PROBLEM REQUIREMENTS = Set down all of the data exactly. Pictures stay out of the copy.

GIVEN DATA =
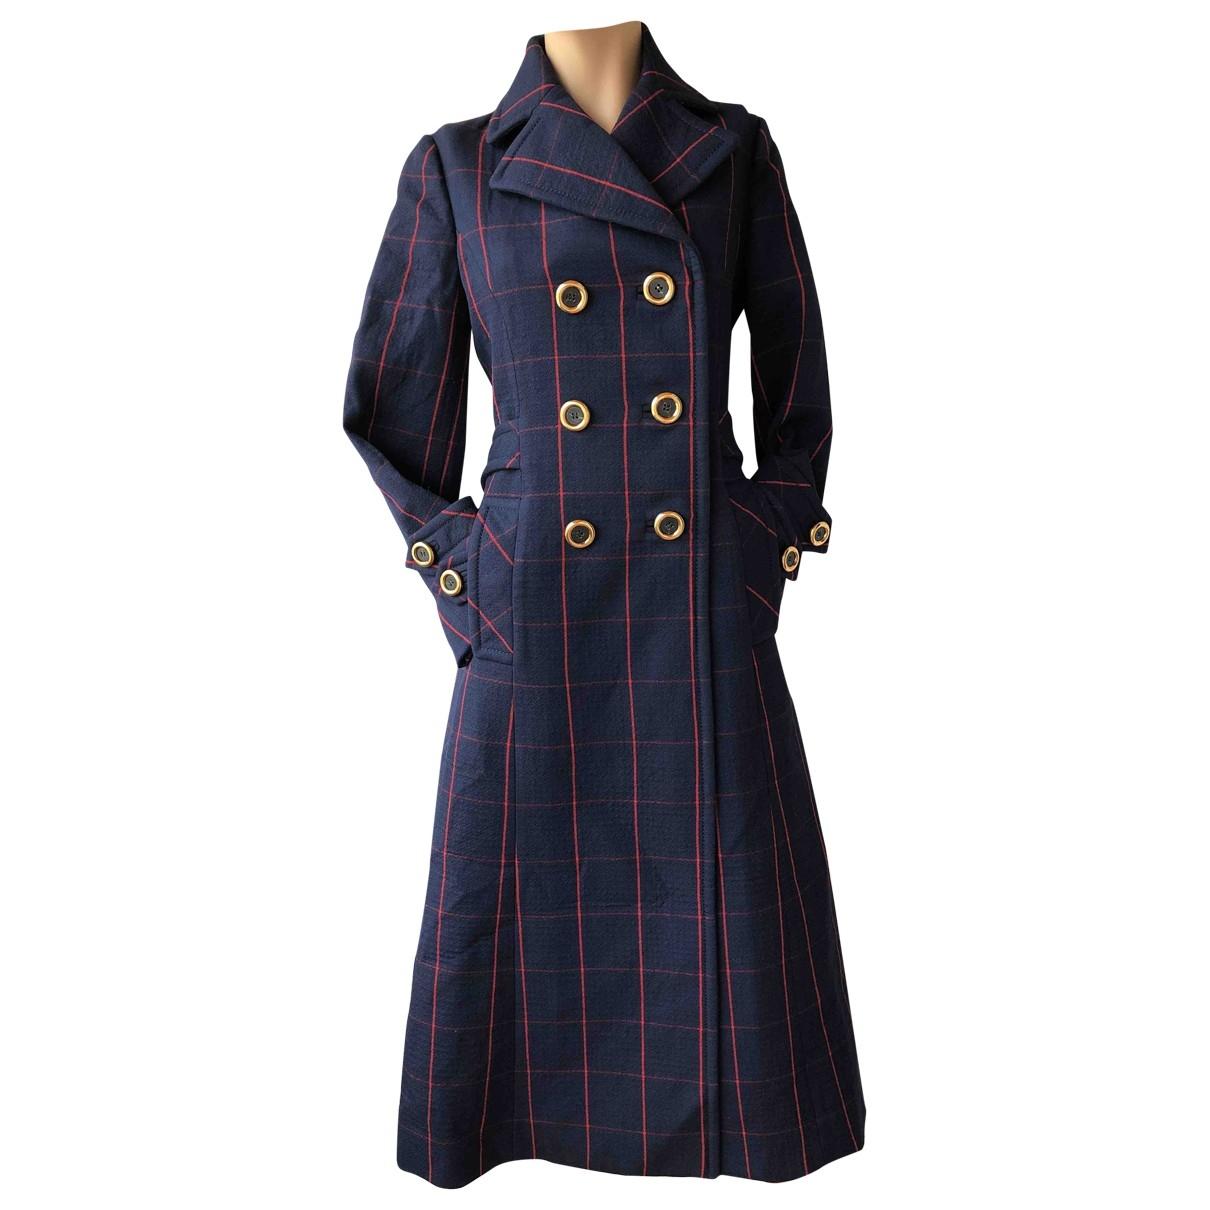 Miu Miu \N Navy Wool coat for Women 38 IT
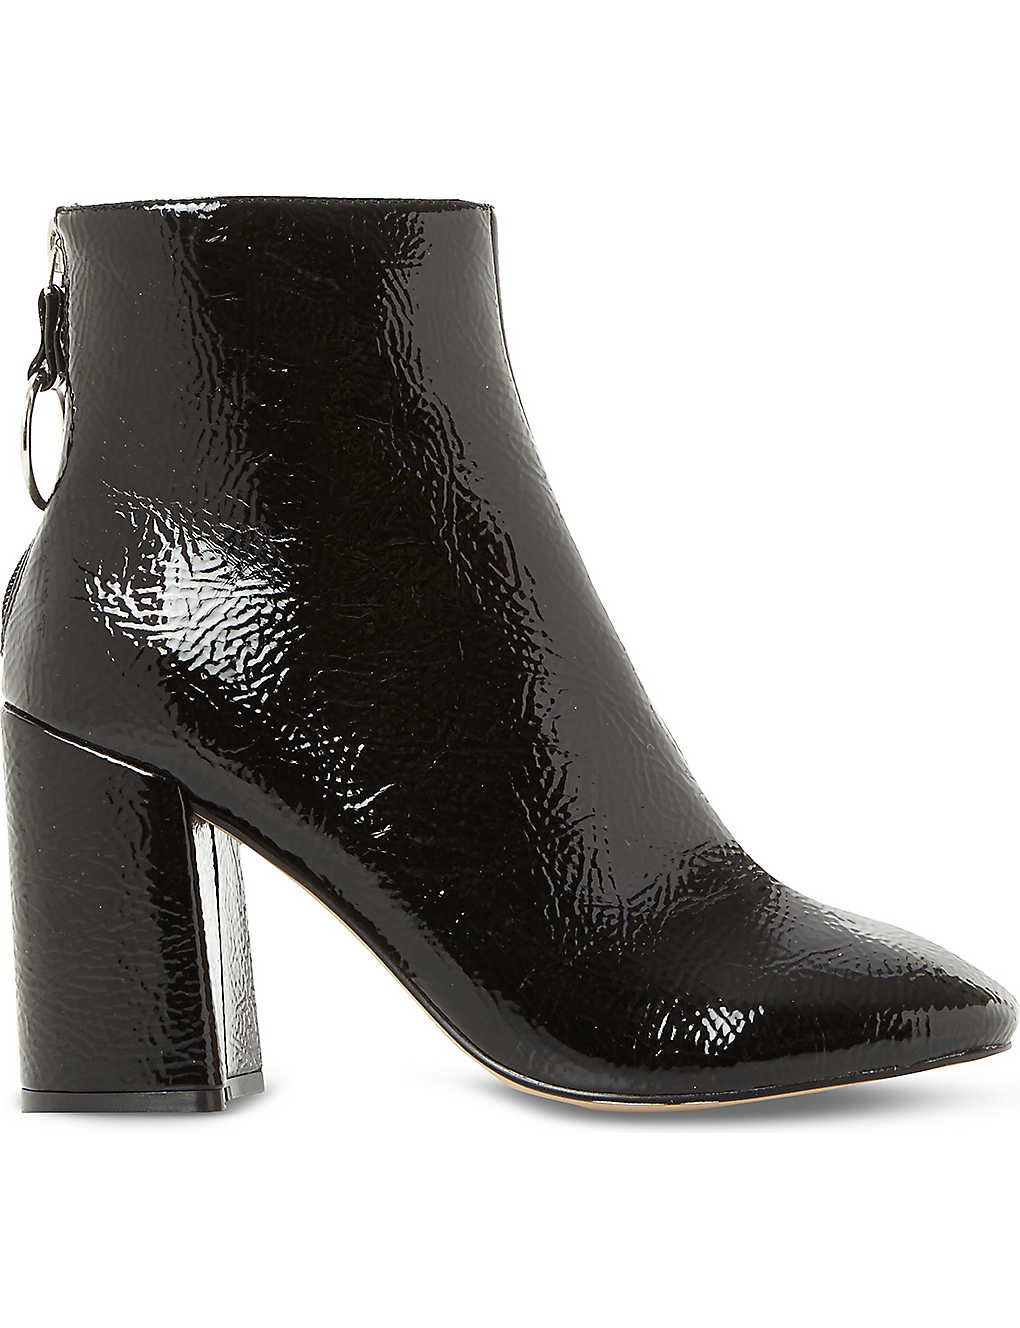 2ecc6321e3c STEVE MADDEN - Posed patent-effect heeled ankle boots | Selfridges.com
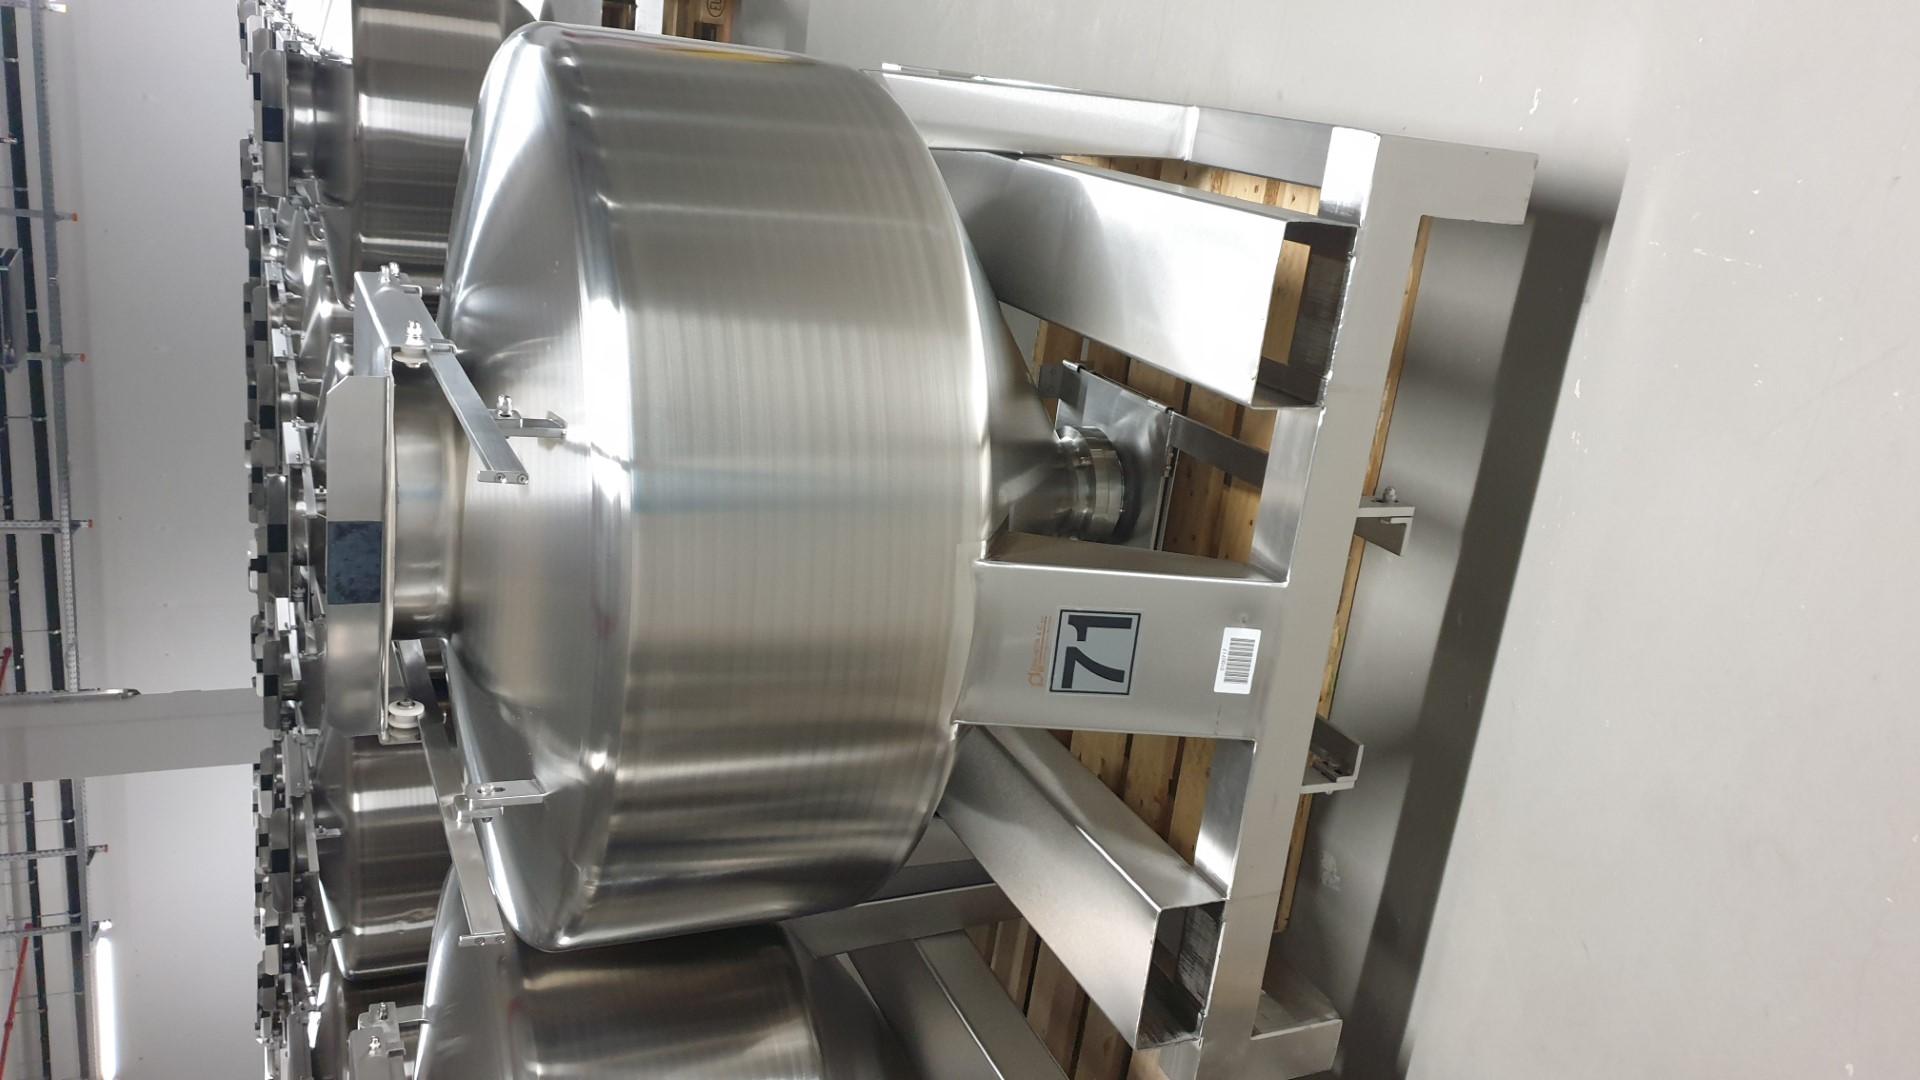 500 Liter / 0.5 Cu Meter Zanchetta Bin, 304 S/S
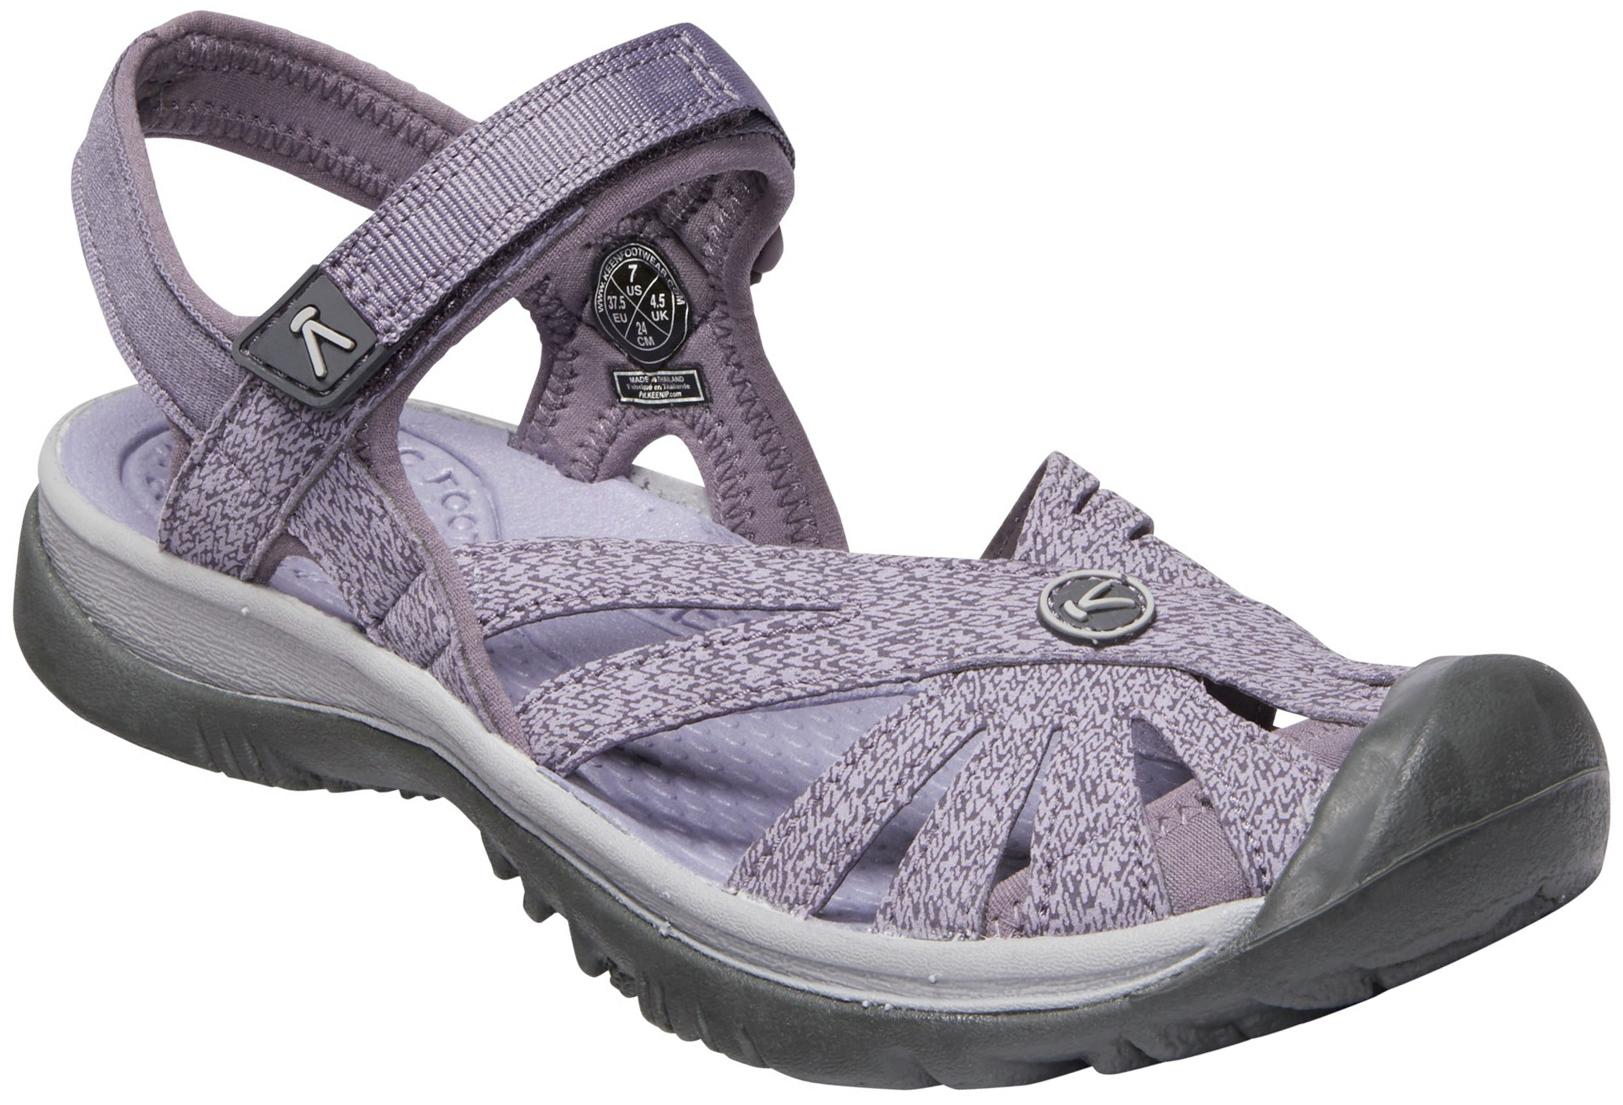 81a5130f8498 Sandals

TASK RESULT =
 Miu Miu \N Navy Wool coat for Women 38 IT
 2ecc6321e3c STEVE MADDEN - Posed patent-effect heeled ankle boots | Selfridges.com
 500 Liter / 0.5 Cu Meter Zanchetta Bin, 304 S/S
 81a5130f8498 Sandals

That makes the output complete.